Reputation: 715
I am writing a python function to process multi-line SQL statements.
e.g.
multi_stmt = """
-- delete empty responses
DELETE FROM idlongDVR_responses WHERE new_response_code = '';
DELETE FROM idwideDVR_responses WHERE new_response_code = '';
-- create a current responses table for idlongDVR
DROP TABLE IF EXISTS idlongDVR_respCurr;
CREATE TABLE idlongDVR_respCurr
SELECT *, MAX(modifiedat) AS latest FROM idlongDVR_responses
GROUP BY sitecode, id, dass, tass, field, value, validation_message
ORDER BY sitecode, id, dass, tass; """
So I have written a regular expression to identify a newline if it is not followed by a double hyphen (start comment), and ends in a semi-colon
sql_line = re.compile(r"""
\n+ # starting from a new line sequence
(?!(--|\n)) # if not followed by a comment start "--" or newline
(.*?) # <<<<< WHY ARE THESE CAPTURING BRACKETS NEEDED?

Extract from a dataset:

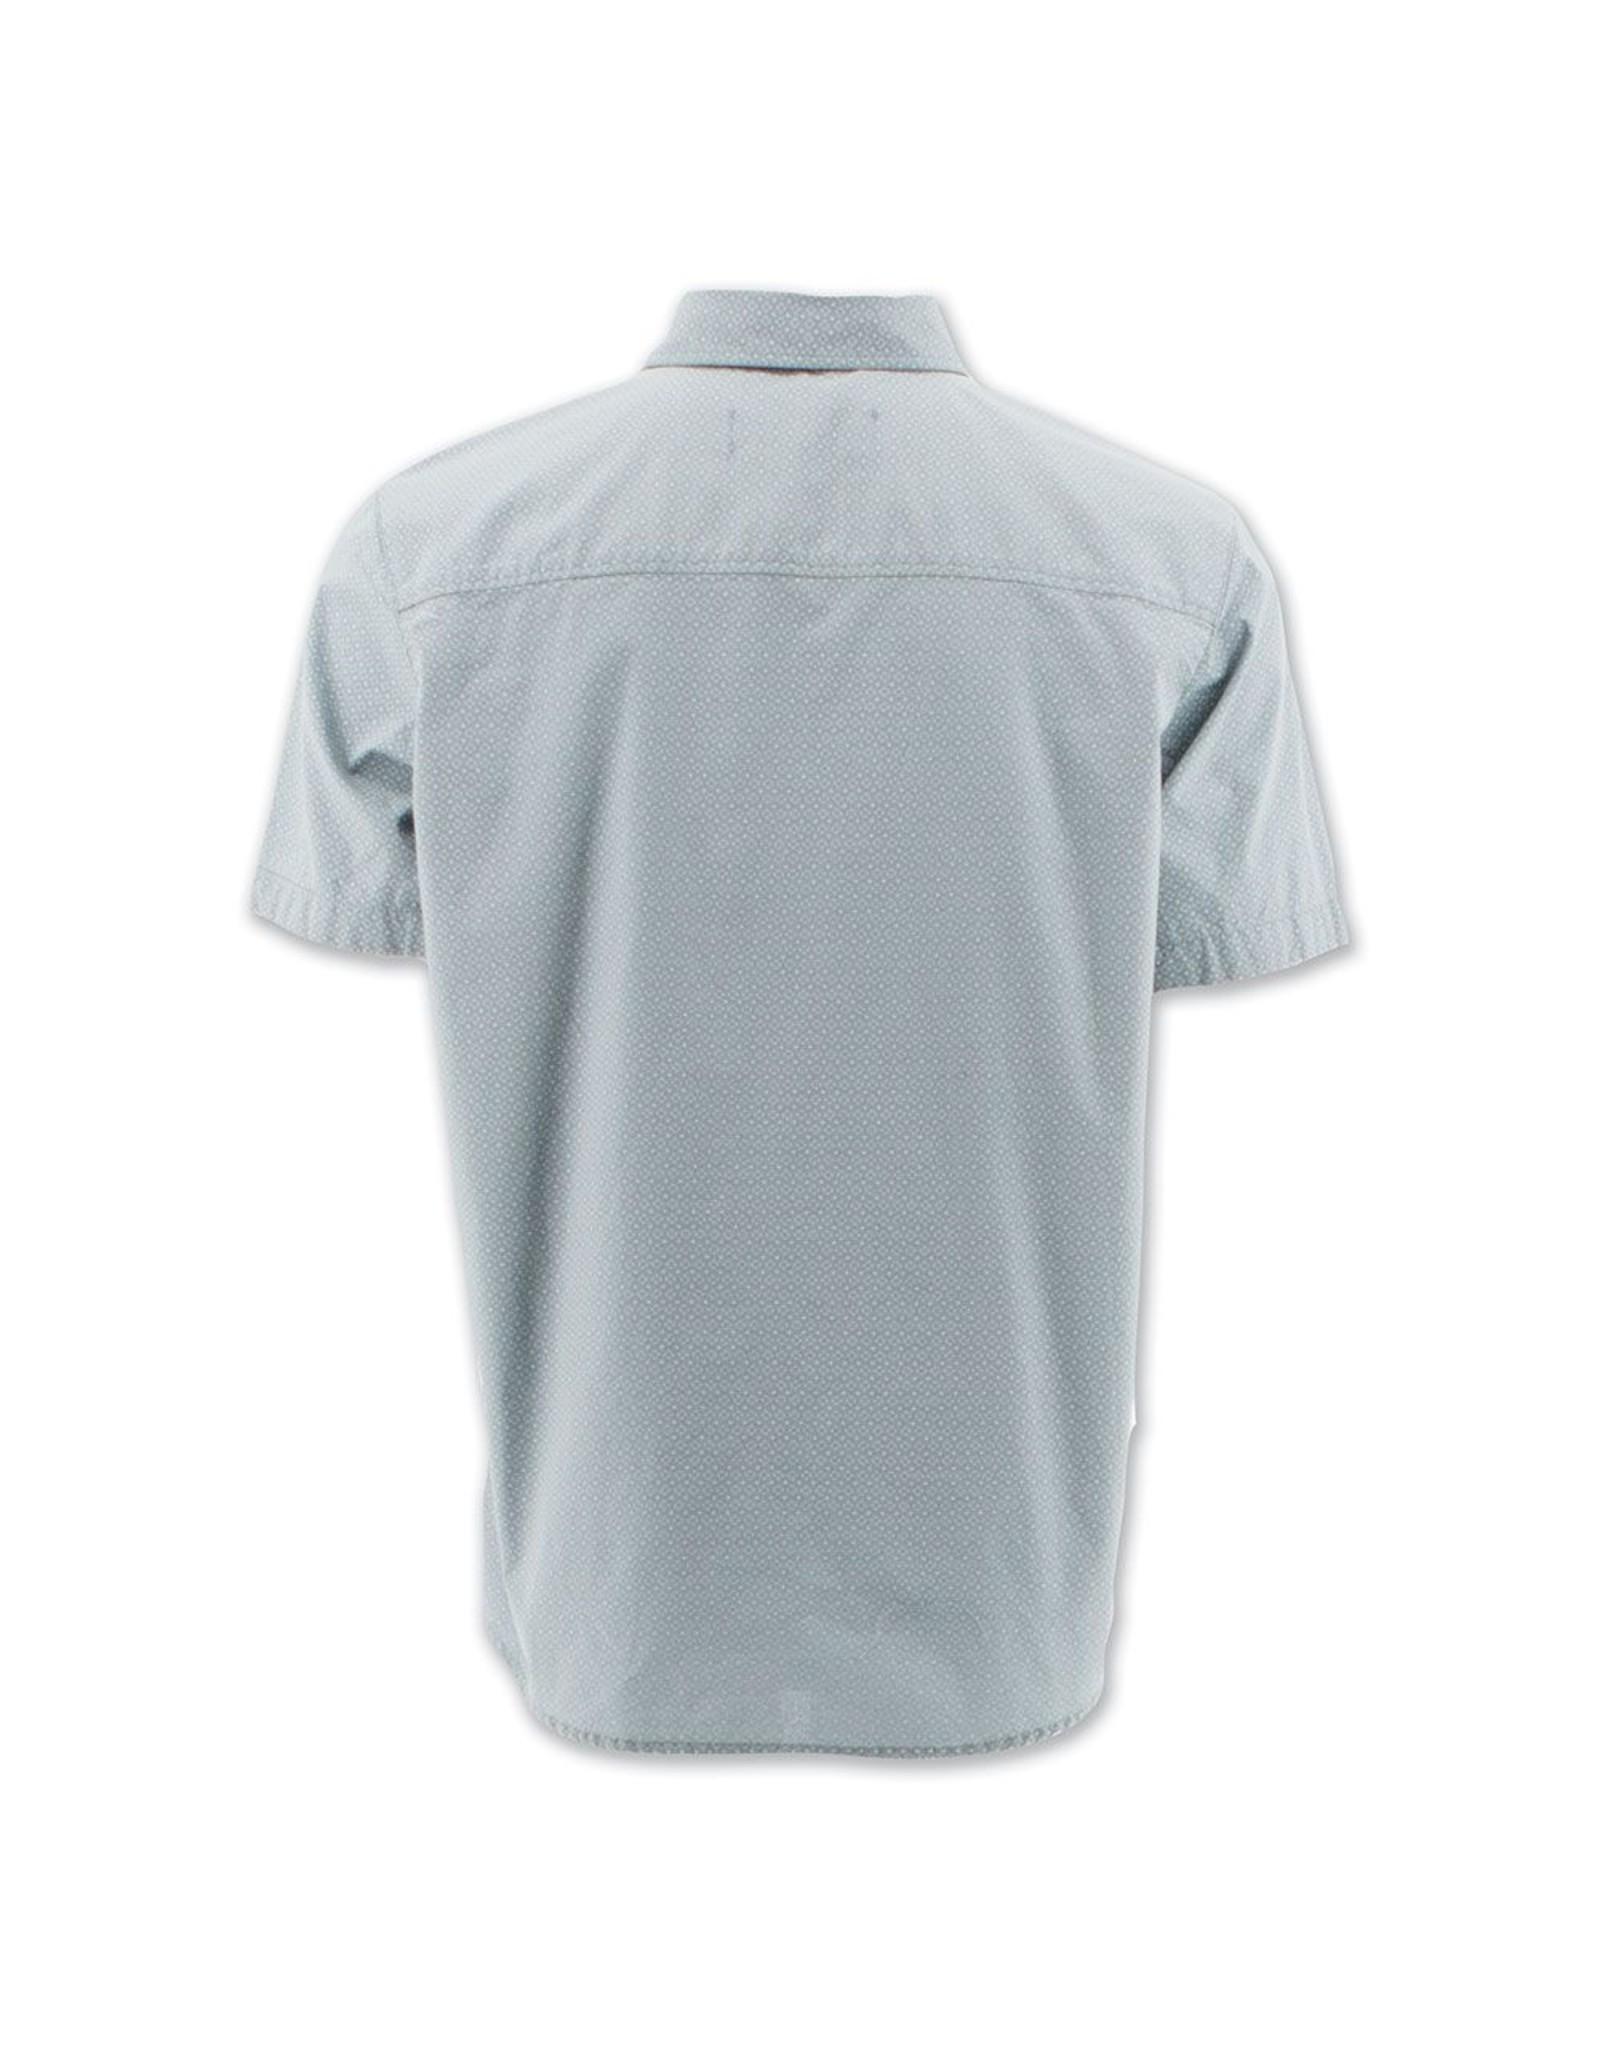 Ecoths Vogel short sleeve

; # ending with a semicolon
""", re.DOTALL|re.VERBOSE|re.MULTILINE)
stmts = sql_line.findall(multi_statement)
for stmt in stmts:
stmt = stmt[1]
if len(stmt) > 0:
cursor.execute(stmt)
It works OK but only if I enclose the .*?
term in brackets so it becomes (.*?)
. If I don't then I don't match anything.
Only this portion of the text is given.